Já vou avisando que não concordo com o sequestro da protagonista na calada da noite, mas dizem que a boa galinhada deve ser feita com a ave caipira – e roubada. Ouvi a história na zona rural de Fartura, cidade do interior de São Paulo, onde meus pais tinham sítio. A tradição vem das madrugadas do sábado de aleluia, quando as festas profanas diluíam a melancolia da Sexta-Feira da Paixão. Naquelas horas, os galinheiros de vizinhos e parentes eram os mais cobiçados: afinal, se os brincantes fossem pegos em flagrante era só dizer que tudo não passava de brincadeira. E se não tiver galinha gorda e ovada, que venha mesmo o frango mirrado, que o arroz faz render.
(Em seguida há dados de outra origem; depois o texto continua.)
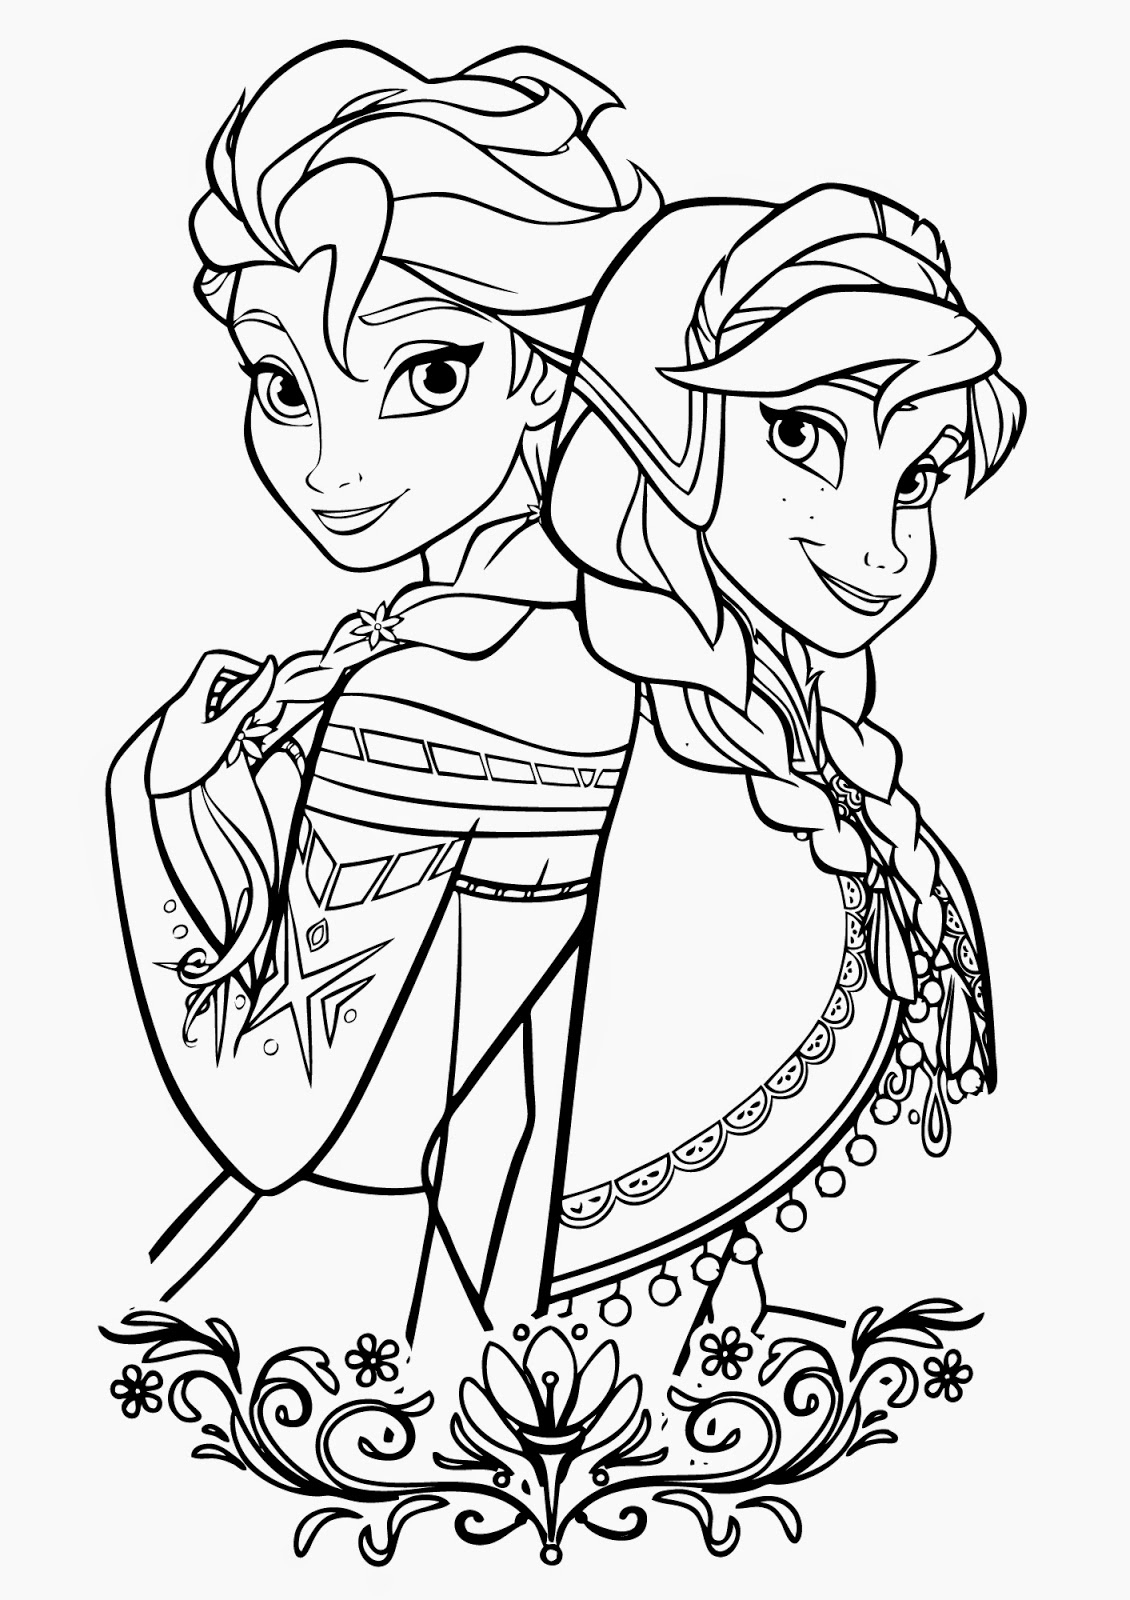 Princess Elsa And Anna Coloring Pages at Free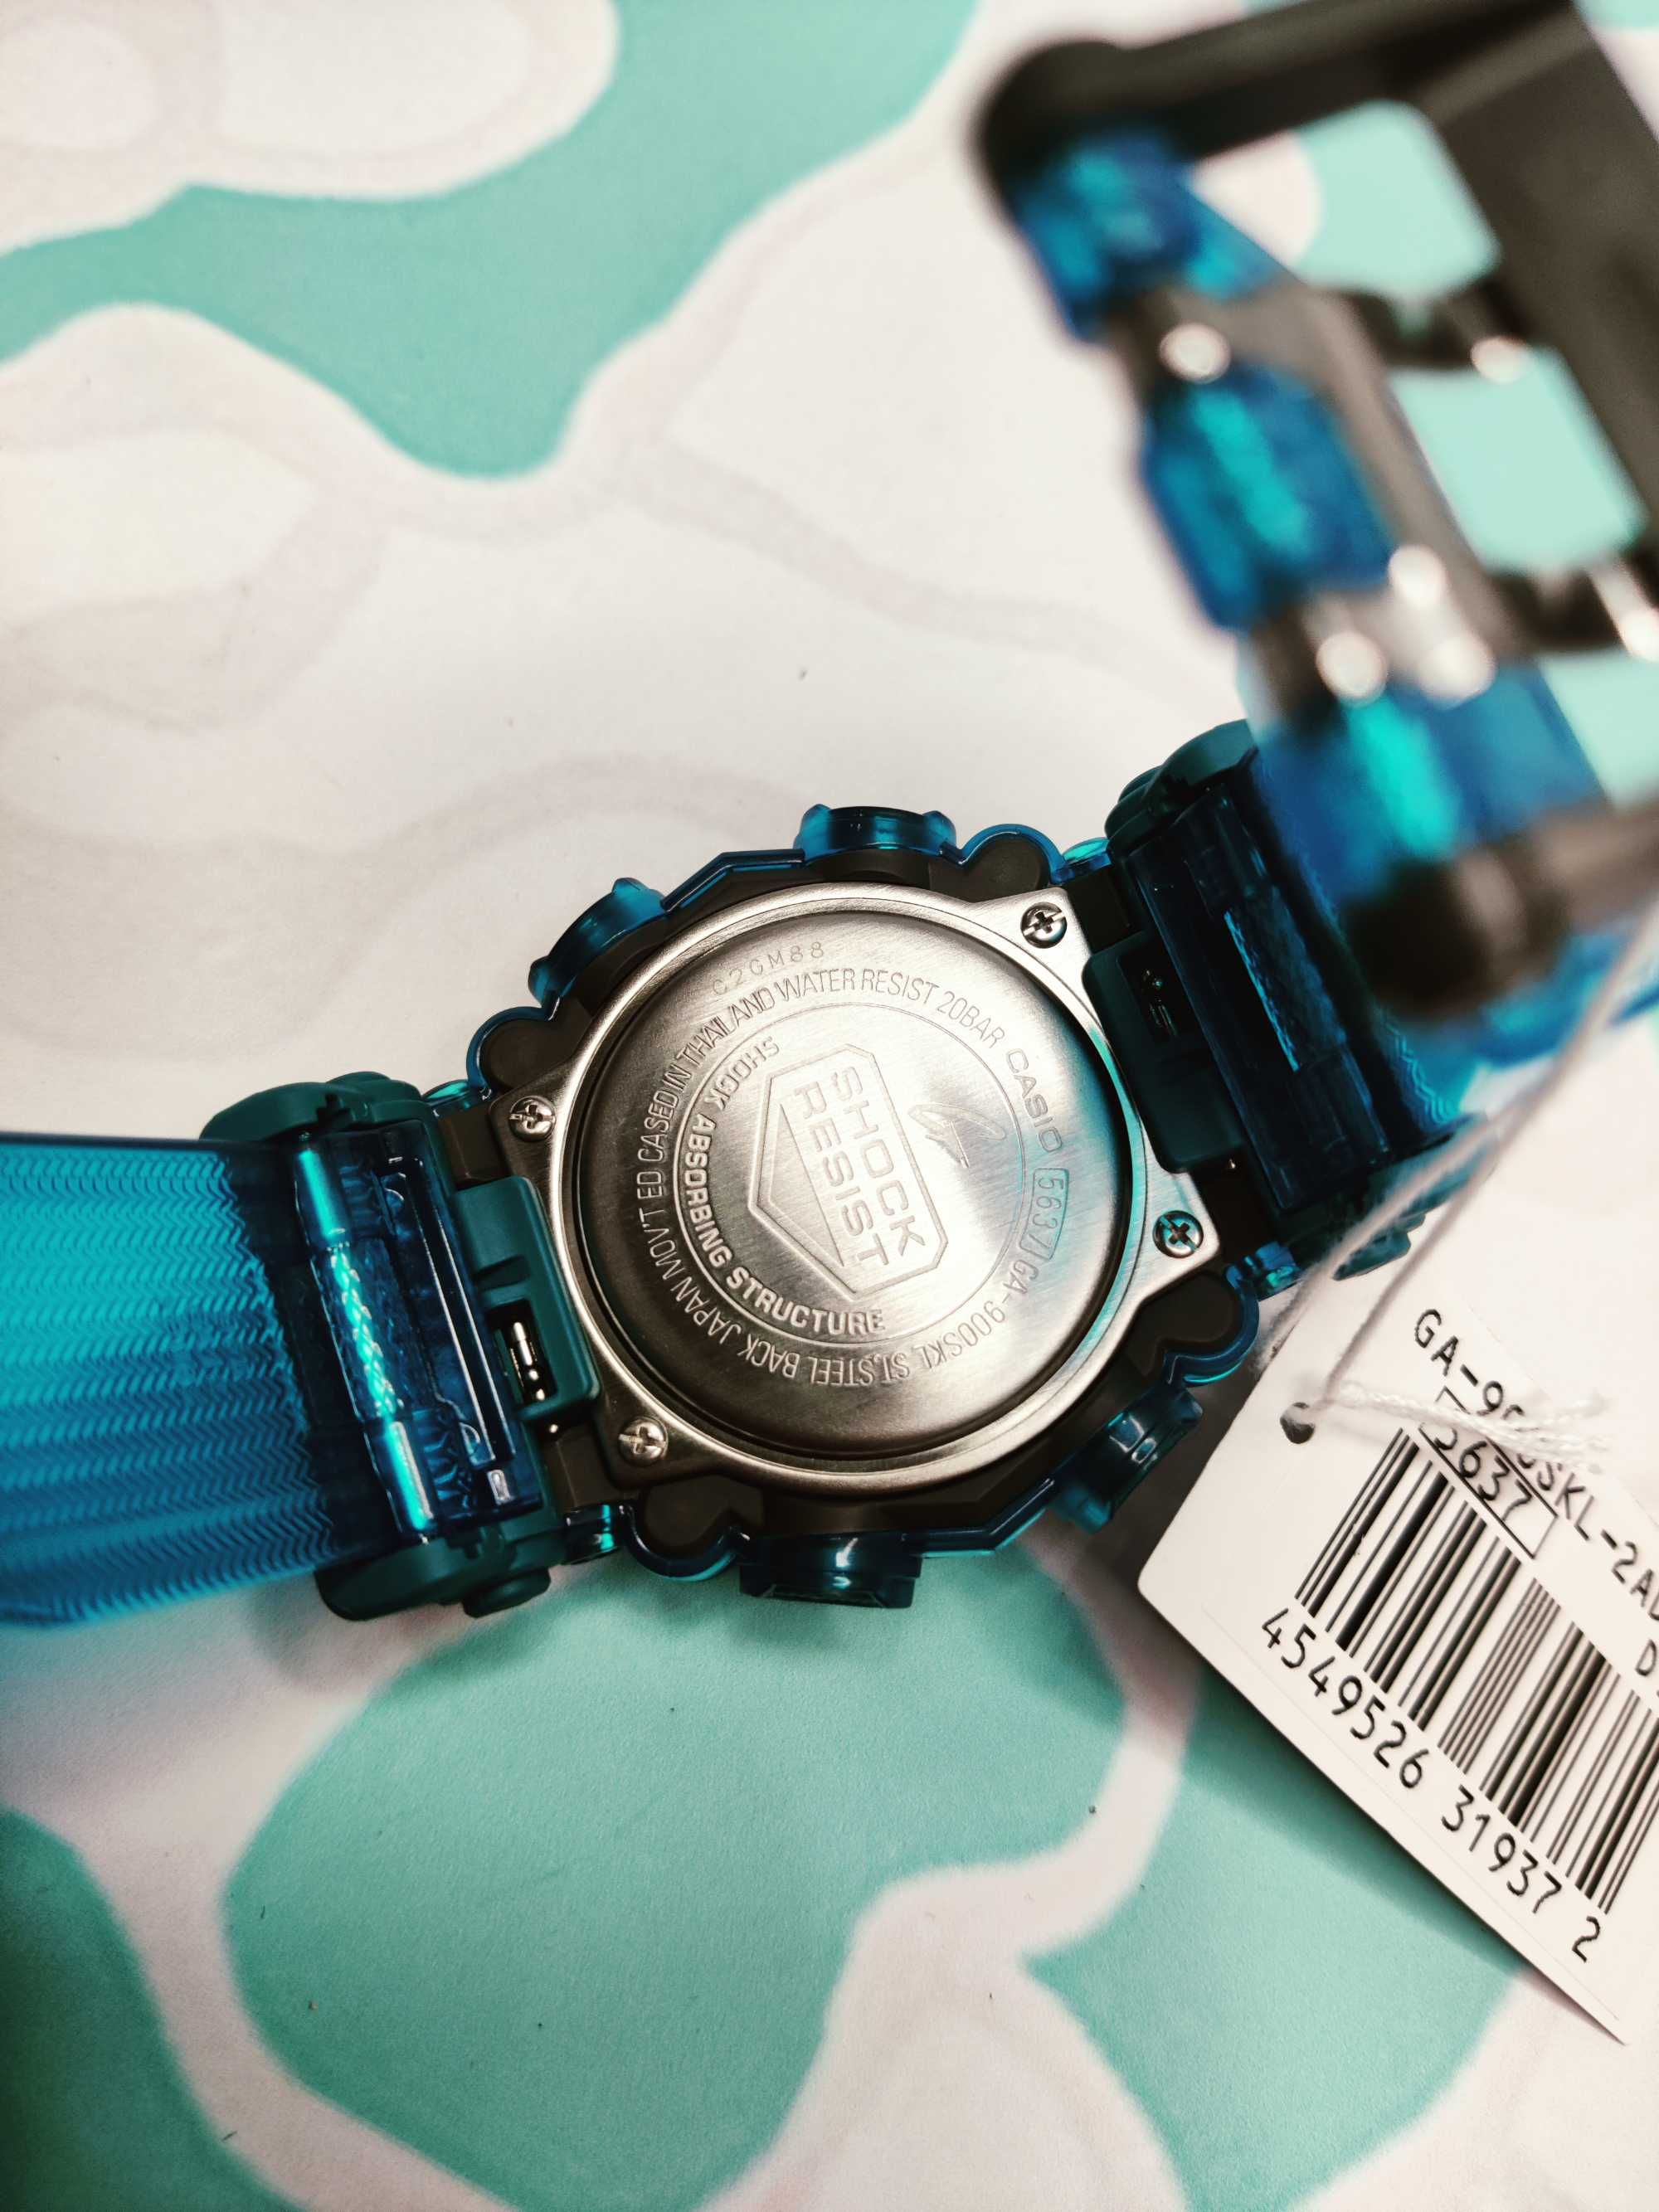 Casio G-Shock GA-900SKL-2AER наручные часы скелетоны синие спортивные

Sei que não é só no interior de São Paulo que a galinhada boa é a de galinha roubada. Isso é coisa do campo e acontece também no Paraná, em Minas Gerais e Goiás, por exemplo. O hábito já não está mais tão encostado à data religiosa, mas a madrugada e a galinha alheia continuam valendo. Qualquer fim de festa vira pretexto para surrupiar galinhas, ainda que sejam das próprias mães, para continuar a farra madrugada a dentro – de preferência em cozinha externa, em volta de um fogão de lenha, para não perturbar o sono de pessoas sérias.
A ave é abatida, limpa e preparada pelo grupo de amigos, não sem a companhia de muito riso, cachaça e cerveja. Os pedaços da ave, incluindo pés, cabeças e miúdos, são refogados em óleo ou banha, temperados com alho, cebola, cheiro-verde, colorau e, dependendo do lugar, pimenta e pequi. Alguns legumes, como cenoura, pimentão, tomate e vagem, podem enriquecer, mas são opcionais – afinal, faz-se galinhada com o que está à mão na hora imprópria. Agora, assim que a carne estiver quase no ponto, o que não pode faltar é o arroz branco na mesma panela.
Ele é cozido no caldo do frango, em quantidade bastante para deixar o prato cremoso e perfumado, quase como uma canja sem caldo. Na hora de servir o prato único – nunca frango e arroz separados – , salsa e cebolinha da horta cortados grosseiramente reforçam o tempero e aparência. Aí é comer, curar a ressaca e chegar em casa na hora que o galo canta.
Neide, ada vez que leio essa coluna de novo me volta a vontade louca de comer galinhada! Dá pra sentir o cheiro entre as letras. Um beijo!